Probability and statistics are the basis of how we deal with the uncertainties of our world.

## Table of Contents

A little over a year ago marks the beginning of my data science and analytics studies at GWU. Although it wasn't my first time studying in the nation's capitol, it was my first graduate-level embarkment, and looking back today, that MSBA program certainly equipped me with many of the skills I'm using on a daily basis now at SMT.

Like The Karate Kid, GWU's curriculum started by covering the foundational topics early before throwing in the more complex material. Except, instead of learning how to "wax on and wax off," we were learning Bayes' Theorem and how to navigate working directories in R.

But for one reason or another, my class schedule skipped over the probability and modeling courses and dove me straight into machine learning. Honestly, I didn't think much of it at the time and just scheduled those courses near the end of my program a year later, but in hindsight, I realized that I mistakenly learned data science backward (... and turned out fine).

And much like the featured image of this blog post, this post is going to be about what it was like to introduce yourself to machine learning before studying probability. I'll also touch on the foundational connection between the disciplines.

Enjoy.

## The Enlightenment

Picture this. You're working on your first regression model. You gathered up 5,000 rows of data and 50 features (... you think you're doing great). You run the model and the error-rate is low on the training data, but high on the validation data. You're confused, so you visit your professor during office hours because more features means better predictions, right? (Wrong). Then, your professor starts throwing words like "overfitting," "bias-variance trade-off," "probability density," and "model complexity" at you. Then and there, you realize you have a lot to learn.

The above scenario was me quite some time ago before I knew better. Nowadays, I shoot for simplicity over complexity whenever possible for a few reasons:

**Explainability**. Simpler models are not only easier to explain, but also easier to debug and understand their fairness and causality.**Efficiency**. Complex models if not handled elegantly can suffer from long, intolerable compute times, while simple models run many times quicker.**Execution/Sustainability**. Simple models are easier to deploy and maintain overtime.
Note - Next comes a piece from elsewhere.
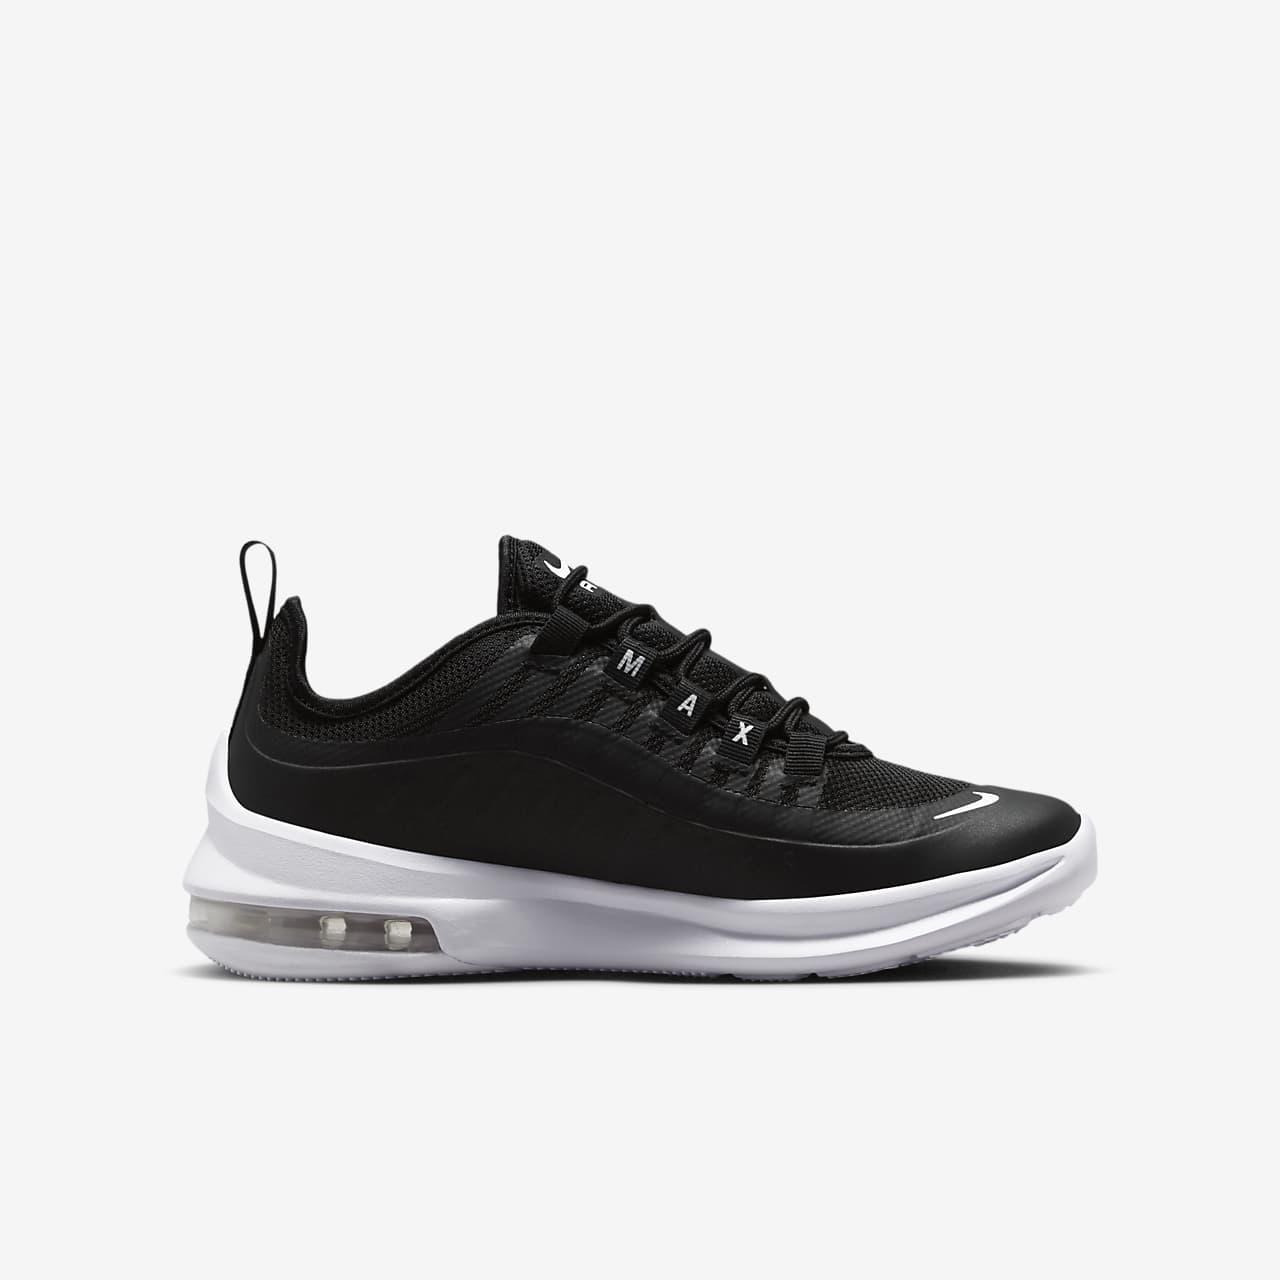 Chaussures Nike Air Max Axis noires pour bébé oyCCn8GoTW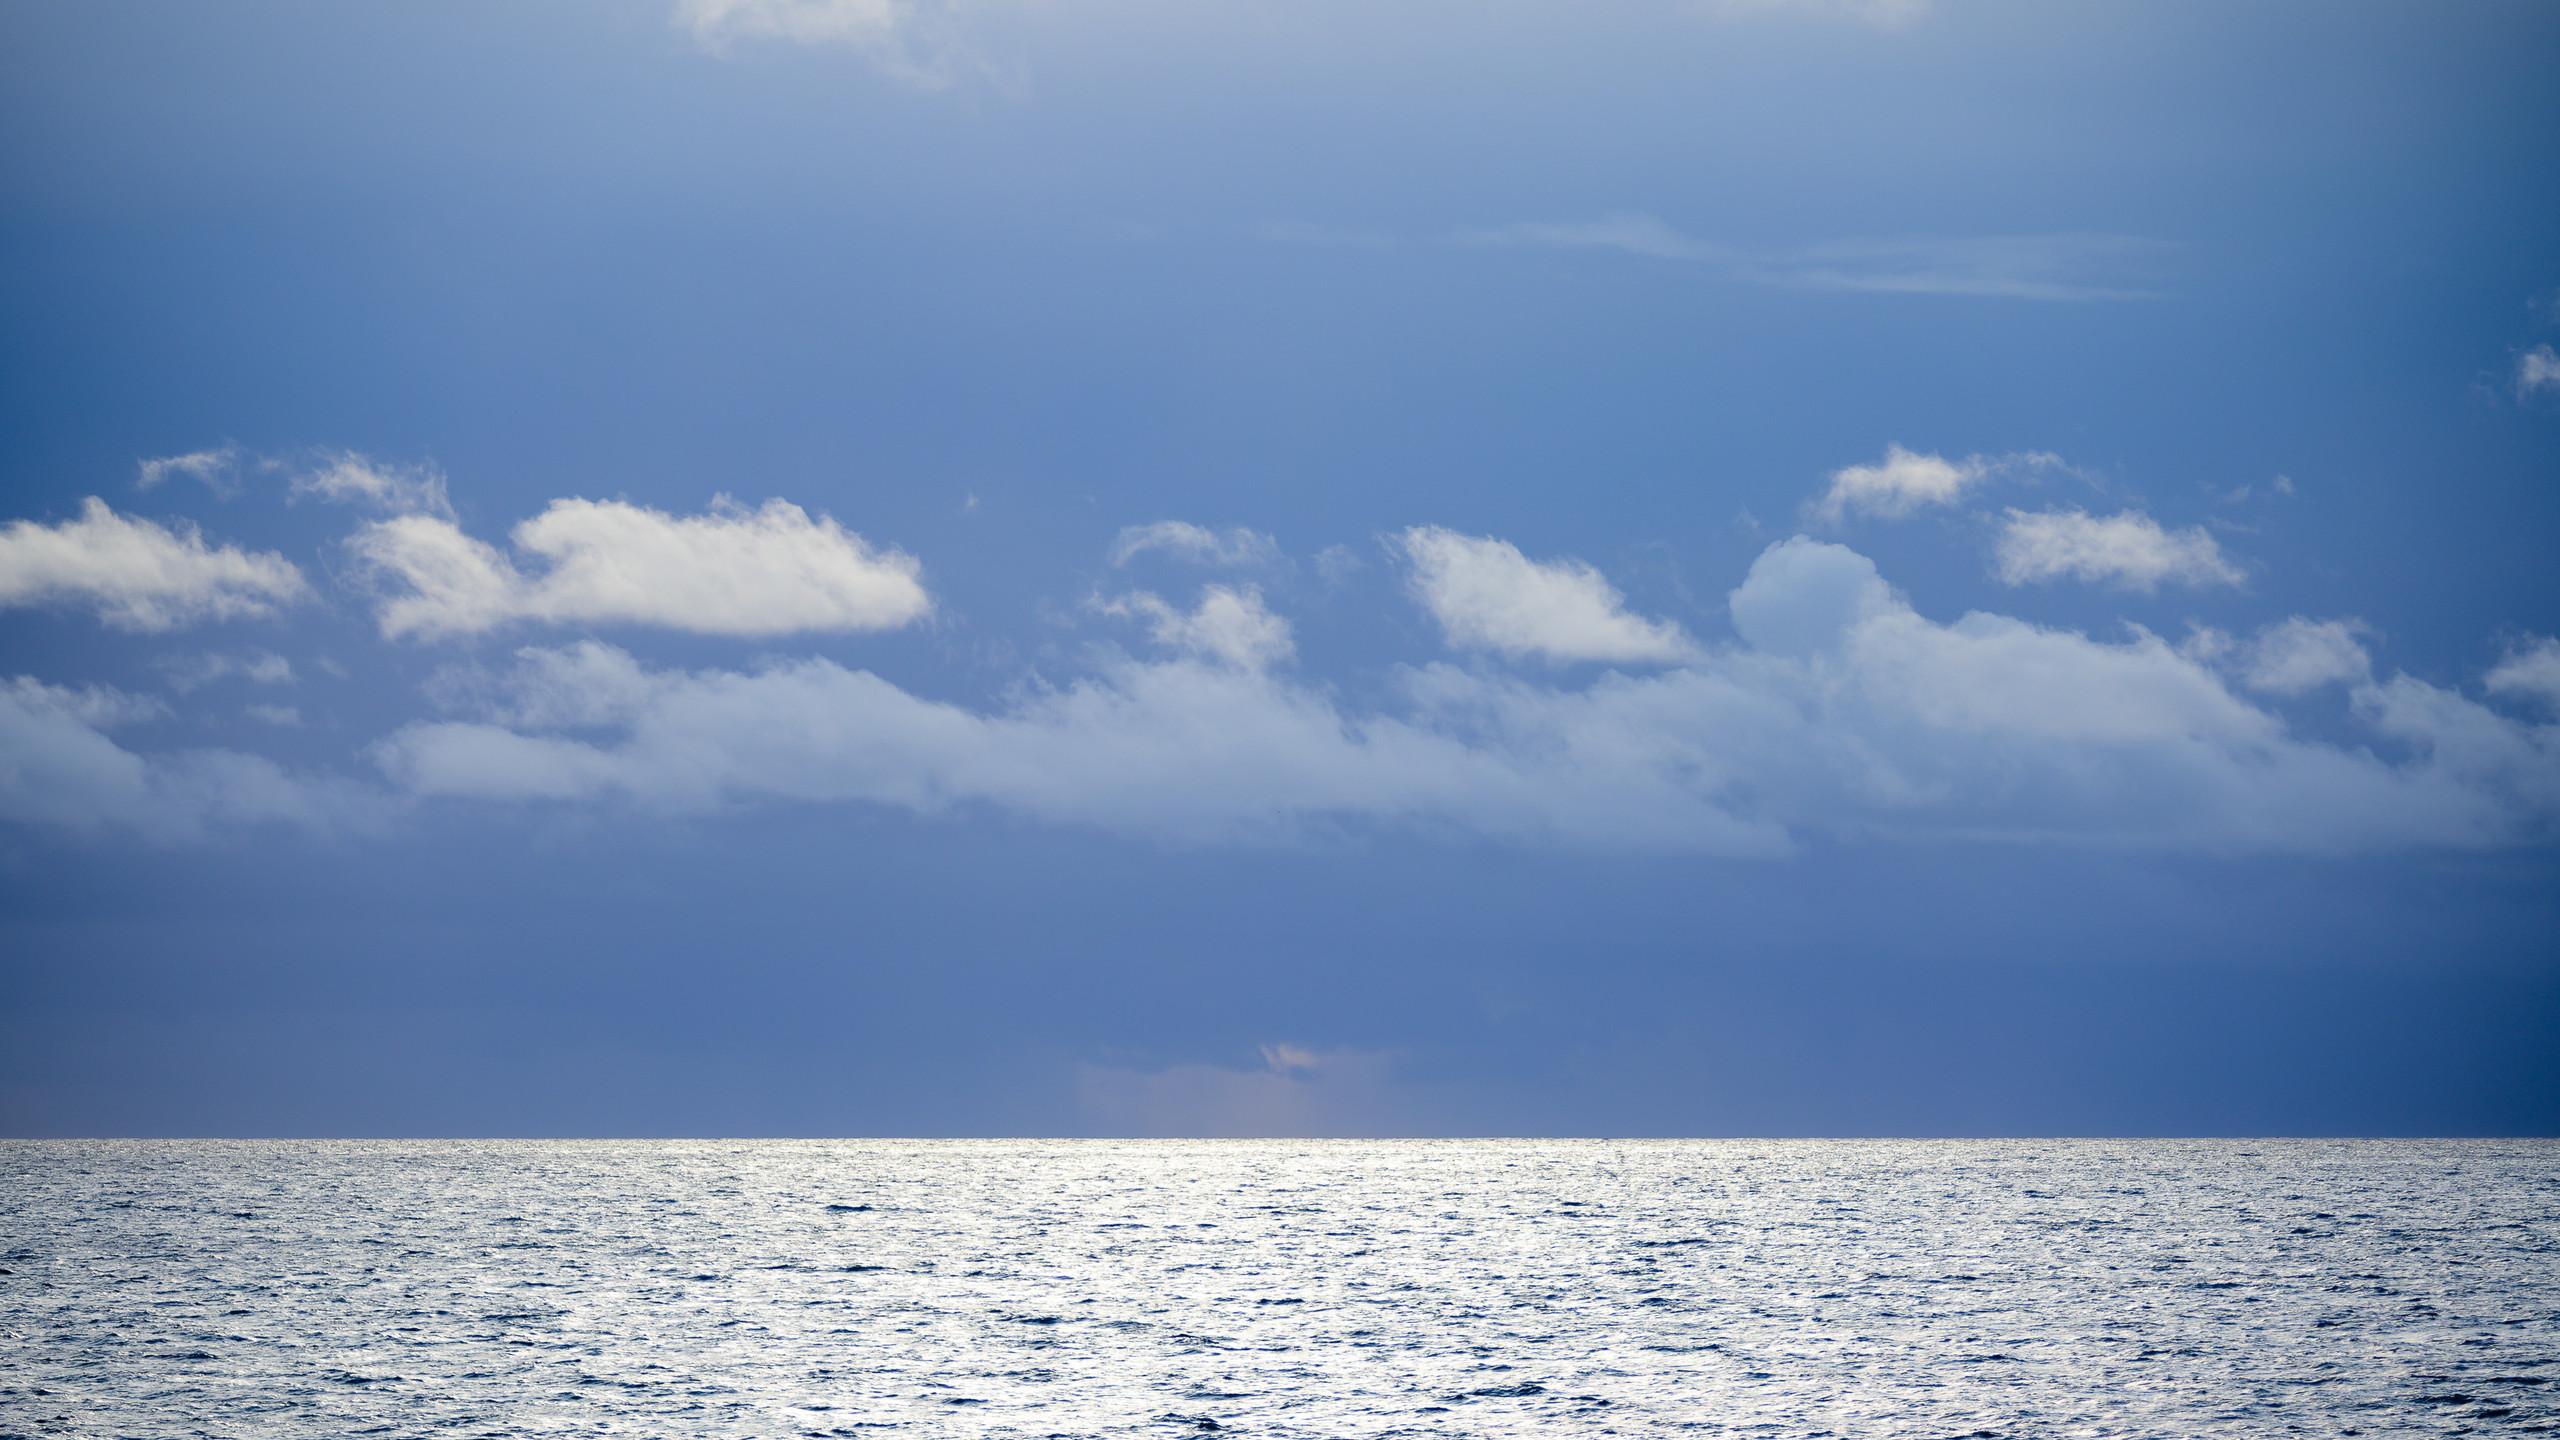 Skagerrak strait between Denmark and Norway

Especially in DevSecOps, the ability execute and sustain software is paramount.

I would not have understood why the above points are true without having a grasp of statistics and probability plus some industry experience. Why? You may ask. Well, machine learning is like driving a car. You can start the engine, steer the wheel, read the dashboard, but only until you pop the hood will you understand the engine. In other words, until you learn statistics and probability, you likely will not grasp a full understanding of machine learning models.

## From Statistics and Probability to Machine Learning

The idea that simpler models have a better use-case than complex models hits home when you consider that probability and statistics are the building blocks for most models and methodologies in machine learning.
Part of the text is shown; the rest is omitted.